Location
- 107 Bay St M'Chigeeng, Ontario, P0P 1G0 Canada 45°49′57″N 82°09′46″W﻿ / ﻿45.83247°N 82.16268°W

Information
- Founded: 1969
- School board: Rainbow District School Board
- Area trustee: Margaret Stringer
- School number: 924679
- Principal: Jamie Mohamed
- Enrollment: 419 (March 2020)
- Colours: Black and gold
- Team name: Mustangs
- Website: www.rainbowschools.ca/school/manitoulin-secondary-school/

= Manitoulin Secondary School =

Manitoulin Secondary School, is a secondary school located on M'Chigeeng First Nation, Ontario, on Manitoulin Island, and is approximately 2 hours from downtown Sudbury.

The school, built in 1969, is within by the Rainbow District School Board's jurisdiction.

==History==
Research conducted over a 10-year period in the 1970s revealed a trend at Manitoulin Secondary School of directing First Nations students into the lower academic streams. The study also showed nearly all suspensions and expulsions were of First Nations students, despite them forming less than half of the student body. As a result, Wikwemikong removed their children from Rainbow District and formed their own high school in their community, resulting in a significant decline in the student population at Manitoulin Secondary School.

In 2015, an Indigenous student at the school left after receiving backlash for reporting a racist incident from school administrators.

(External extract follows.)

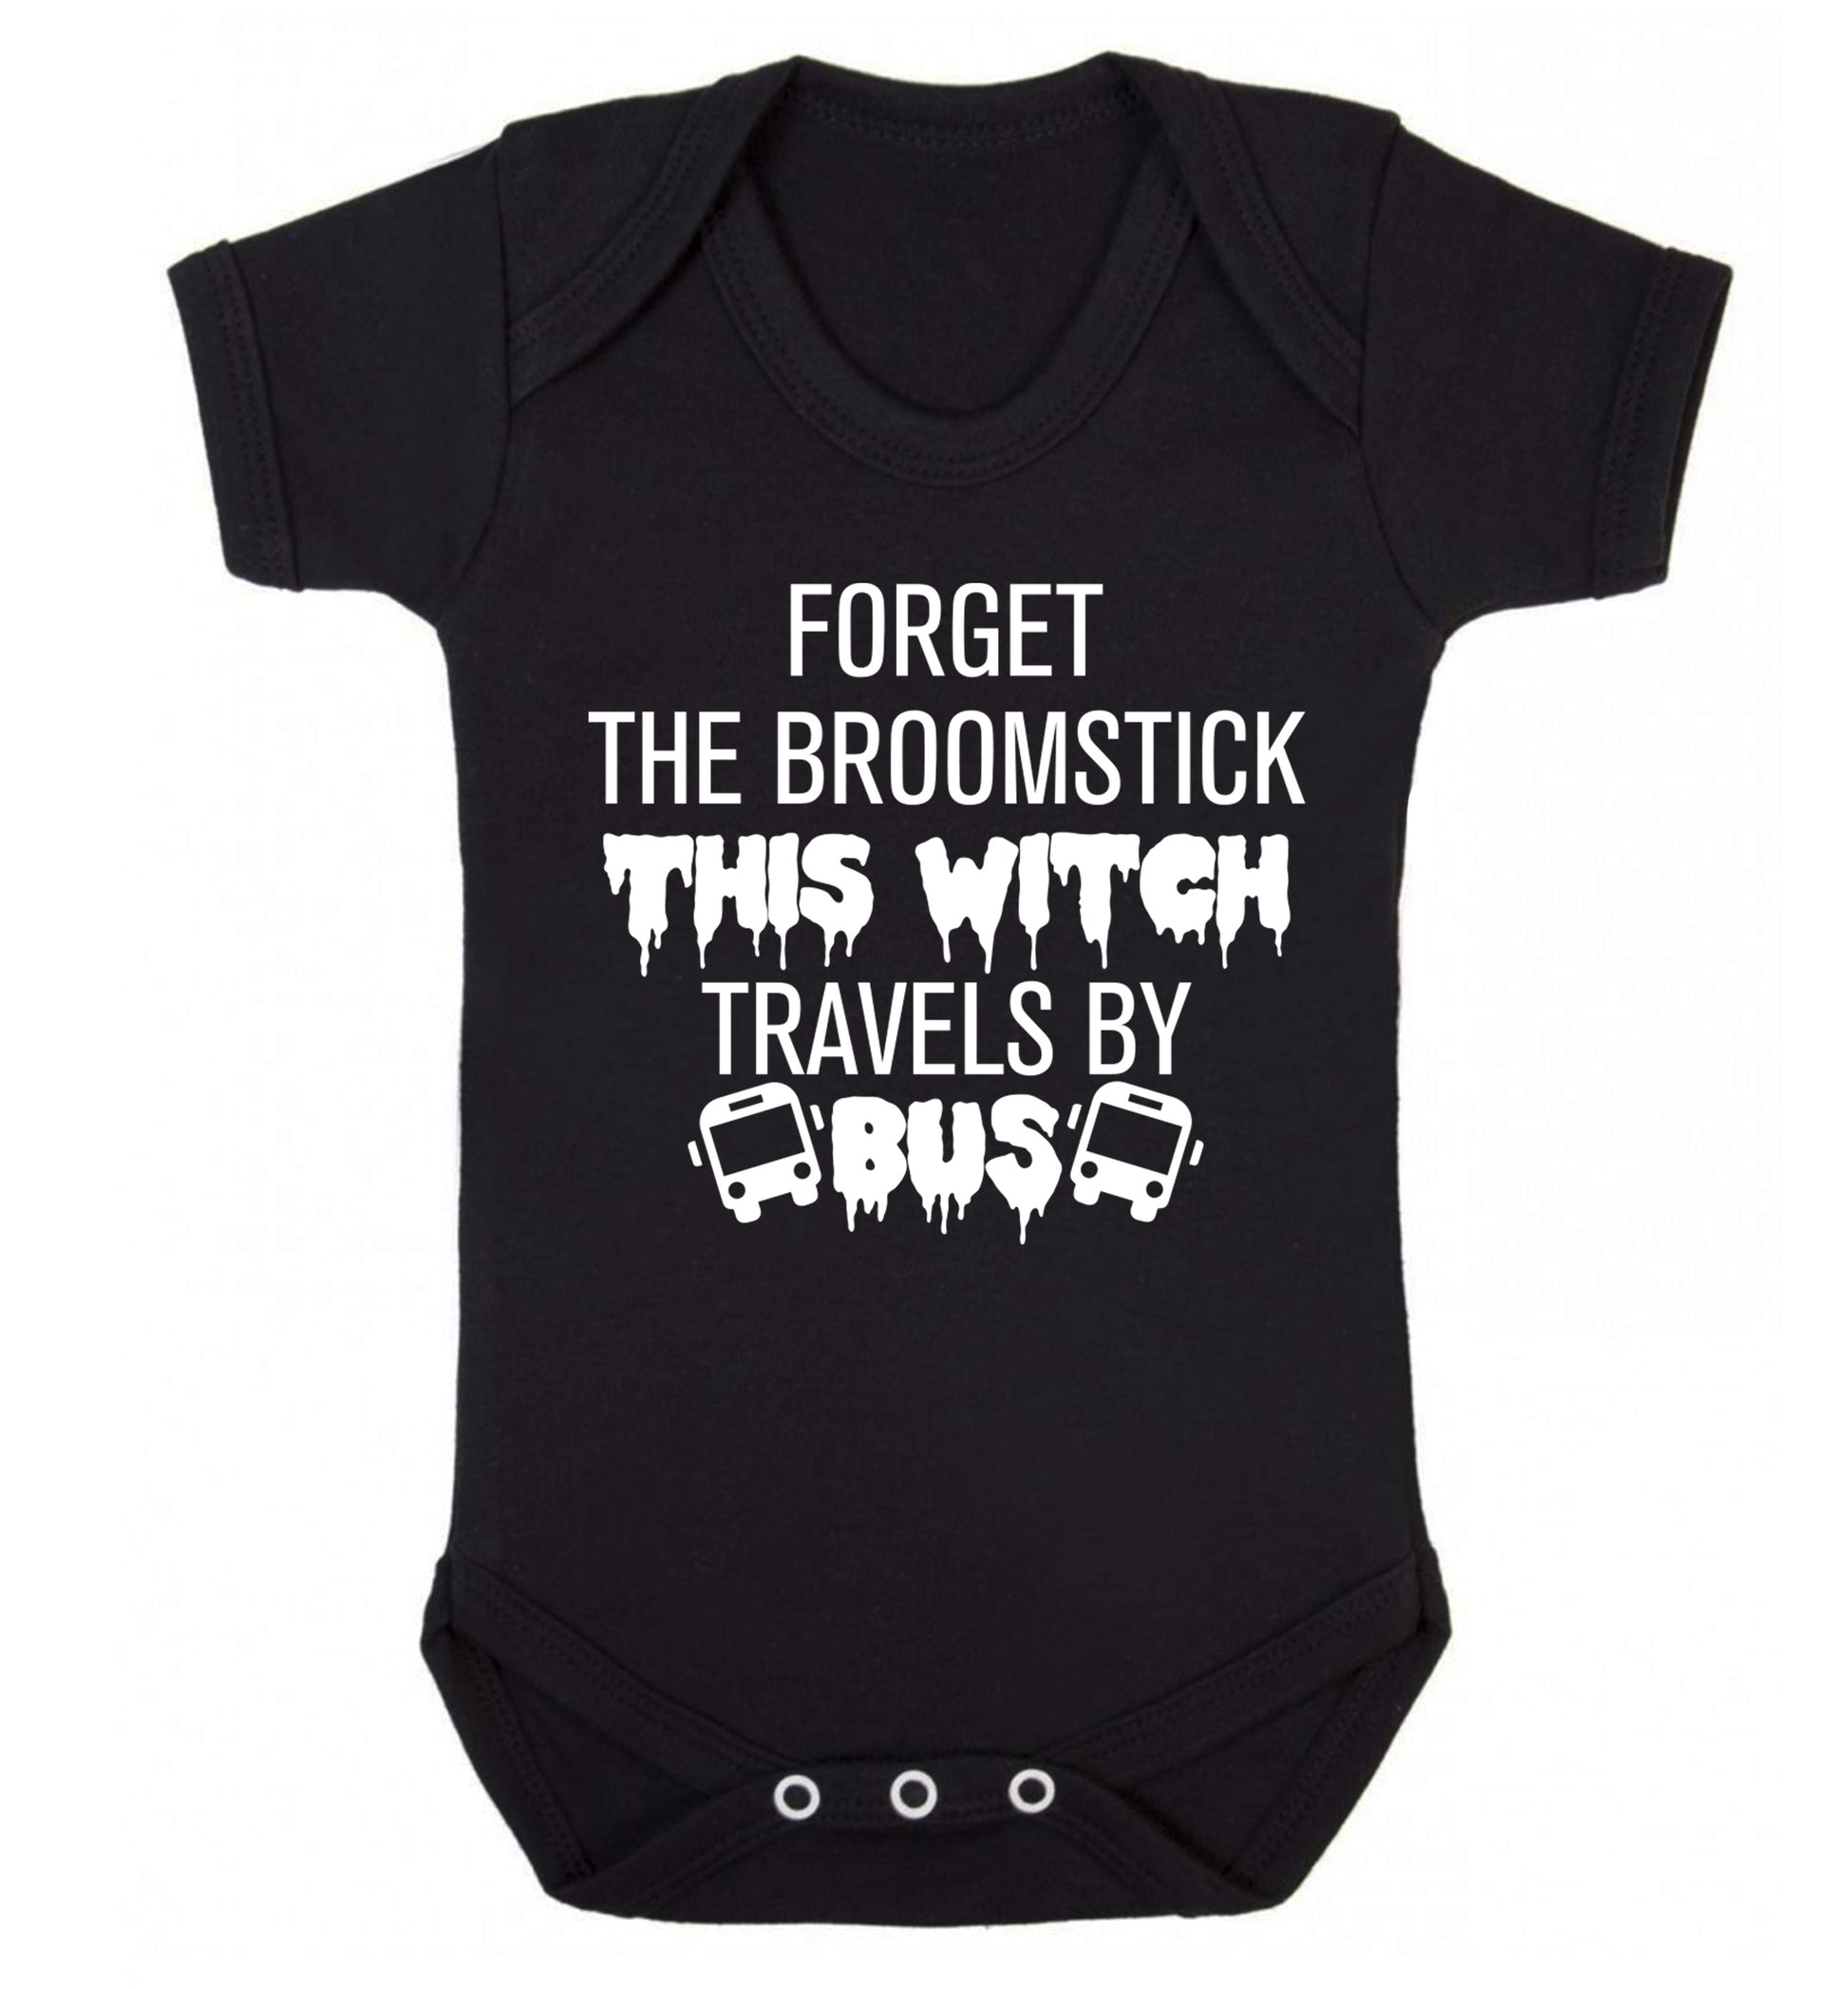 Forget the broomstick this witch travels by bus Baby Vest black 18-24 months

In 2018, a fight broke out on the school grounds involving 50 students, both European-Canadian and Indigenous. The Chief of M'Chigeeng First Nation wrote an open letter stating, "that this incident is an indicator of a deeper, more disturbing reality, which is underlying racism that has now reared its ugly head yet again." The school hosted an "anti-racism rally" in response to these events. Despite involvement in the fight from both sides, police only charged Indigenous students.